TASK OBJECTIVE: In the data below, find the line with "Sugar Apple - Wallpaper - Nursery" and the line with "lakshmi-makeup-artist-bangalore-olready", then restate both and every line between them exactly, minus the pictures.

PROVIDED ENTRIES:
□ □ □ □
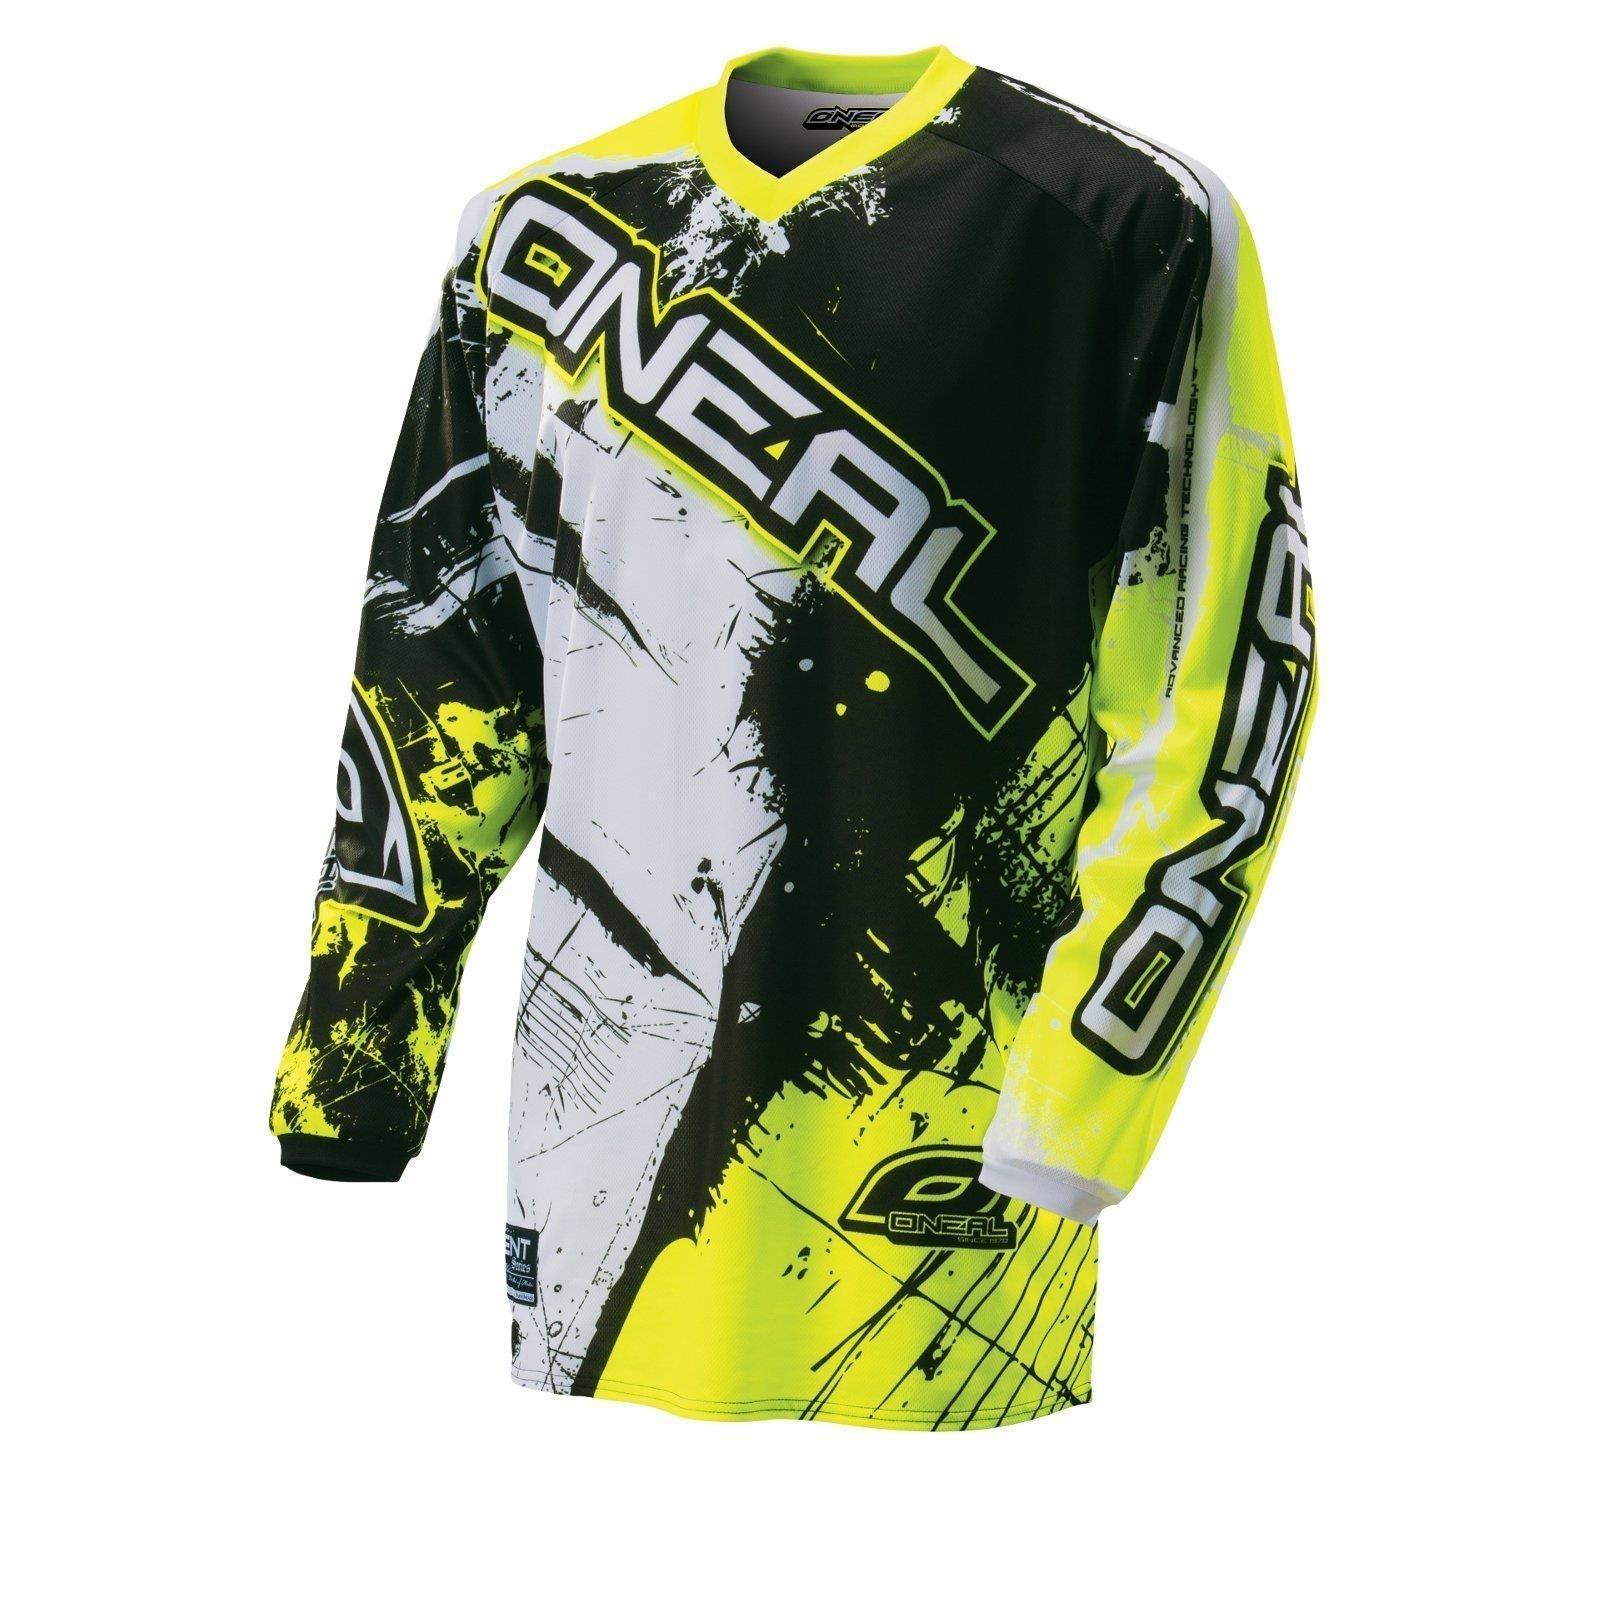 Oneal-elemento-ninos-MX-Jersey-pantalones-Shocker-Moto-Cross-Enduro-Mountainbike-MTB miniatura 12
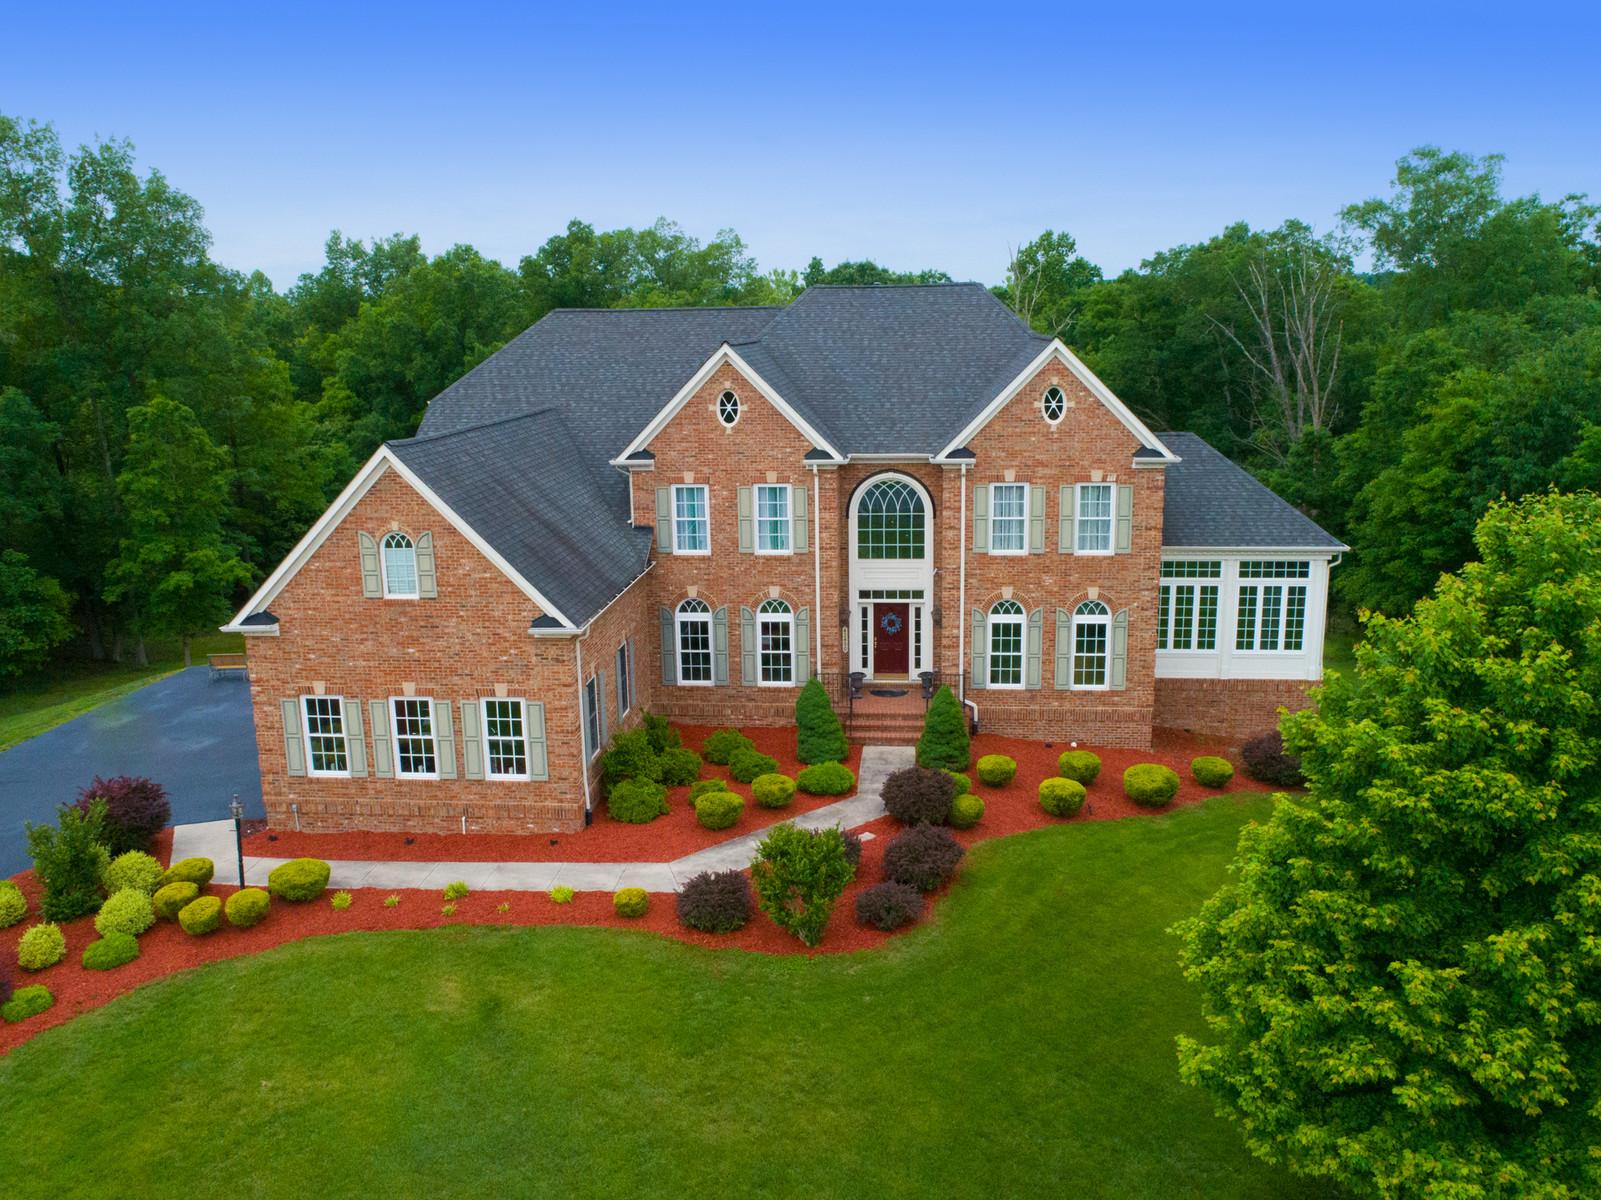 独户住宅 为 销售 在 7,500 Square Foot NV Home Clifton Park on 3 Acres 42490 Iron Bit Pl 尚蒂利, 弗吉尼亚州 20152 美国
□ □ □ □
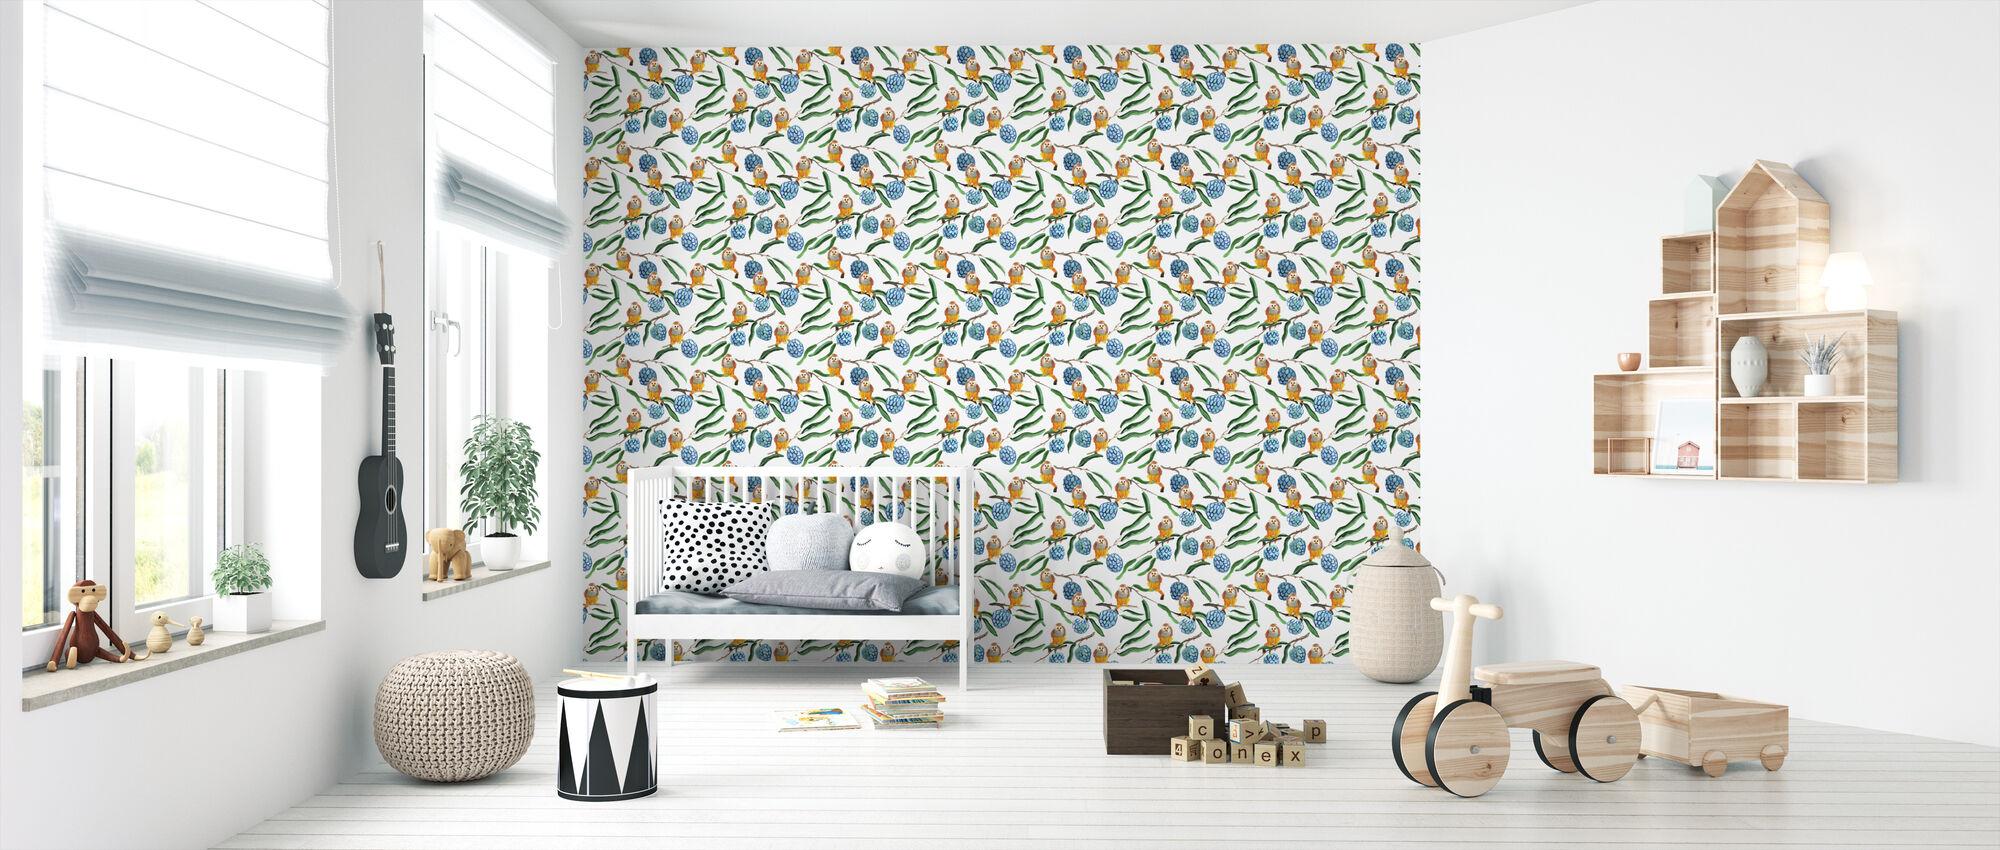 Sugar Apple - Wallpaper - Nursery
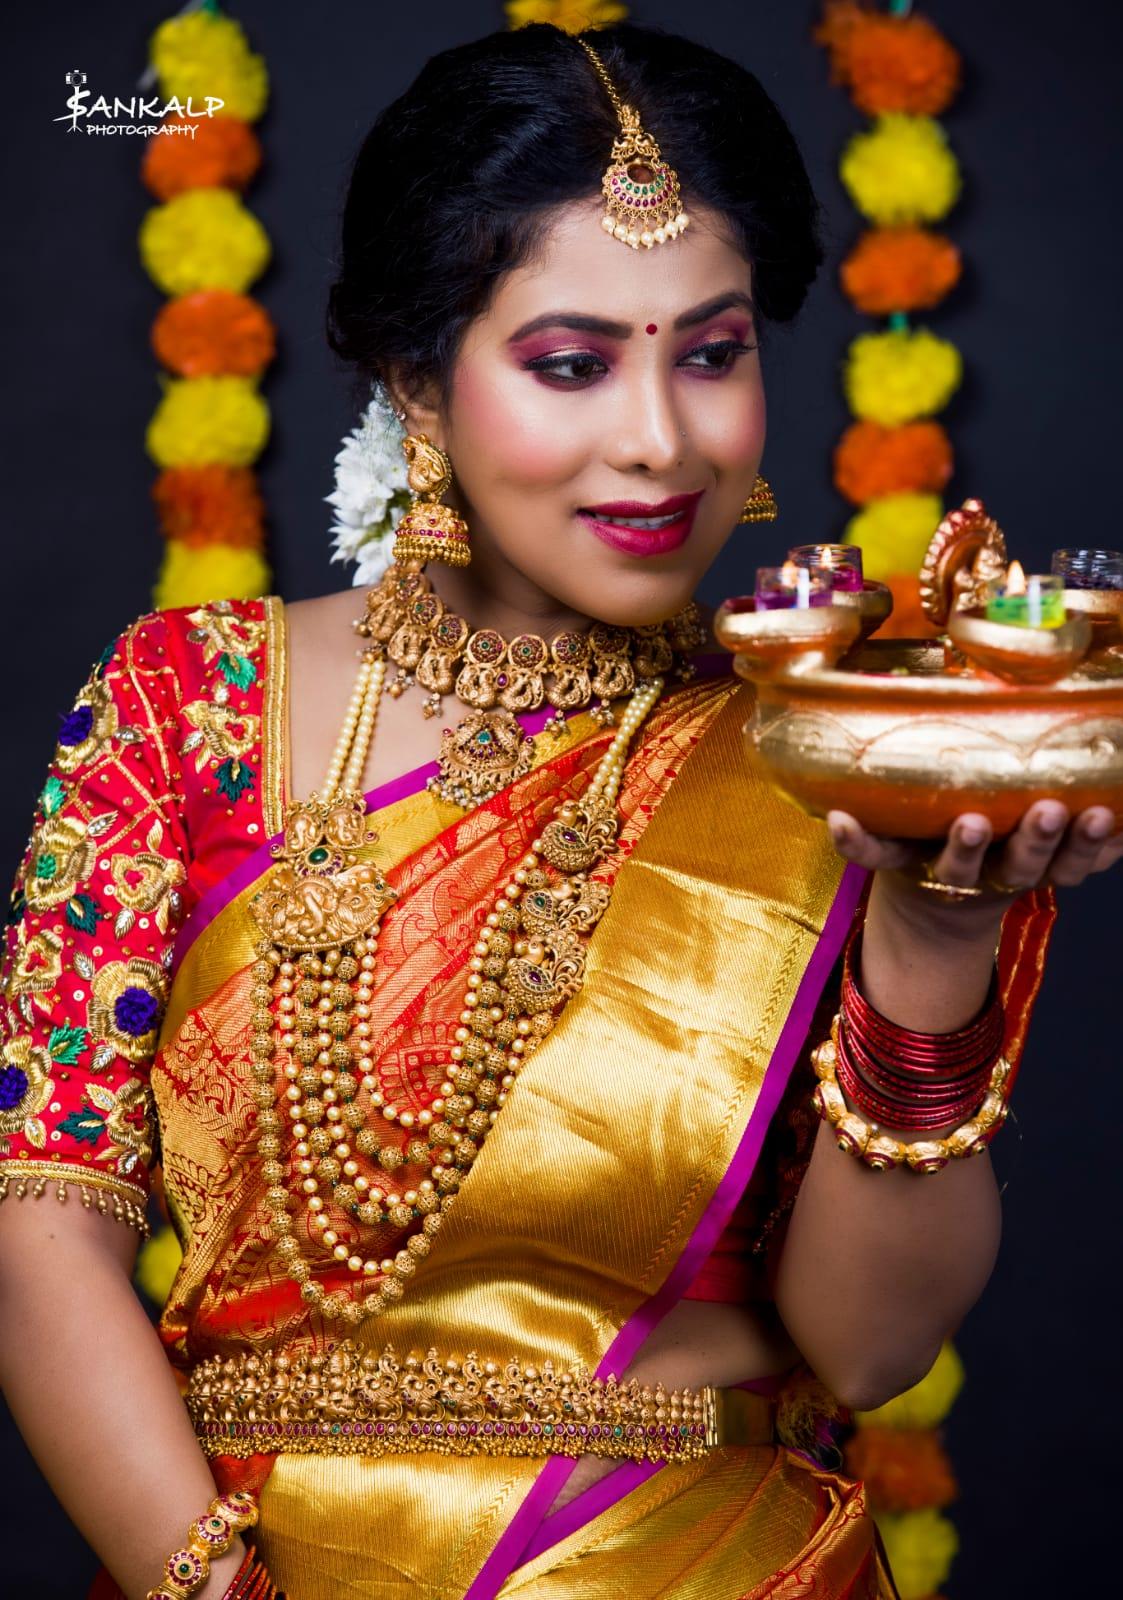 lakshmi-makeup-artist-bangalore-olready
□ □ □ □
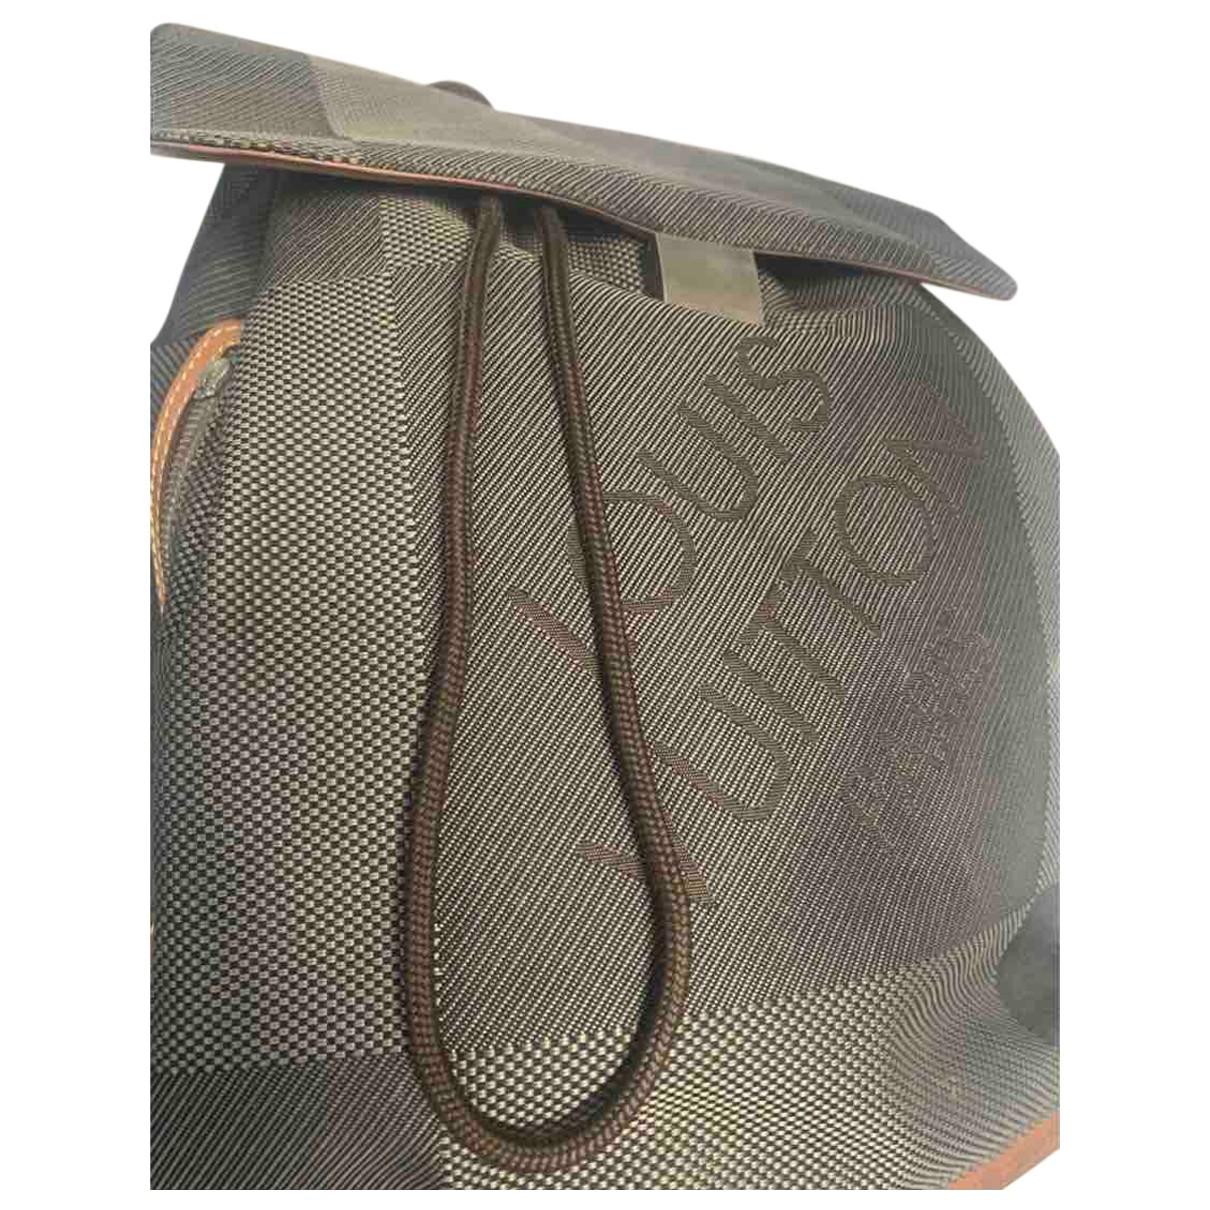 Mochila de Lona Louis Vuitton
□ □ □ □
REPLY TO THE TASK:
 Sugar Apple - Wallpaper - Nursery
 lakshmi-makeup-artist-bangalore-olready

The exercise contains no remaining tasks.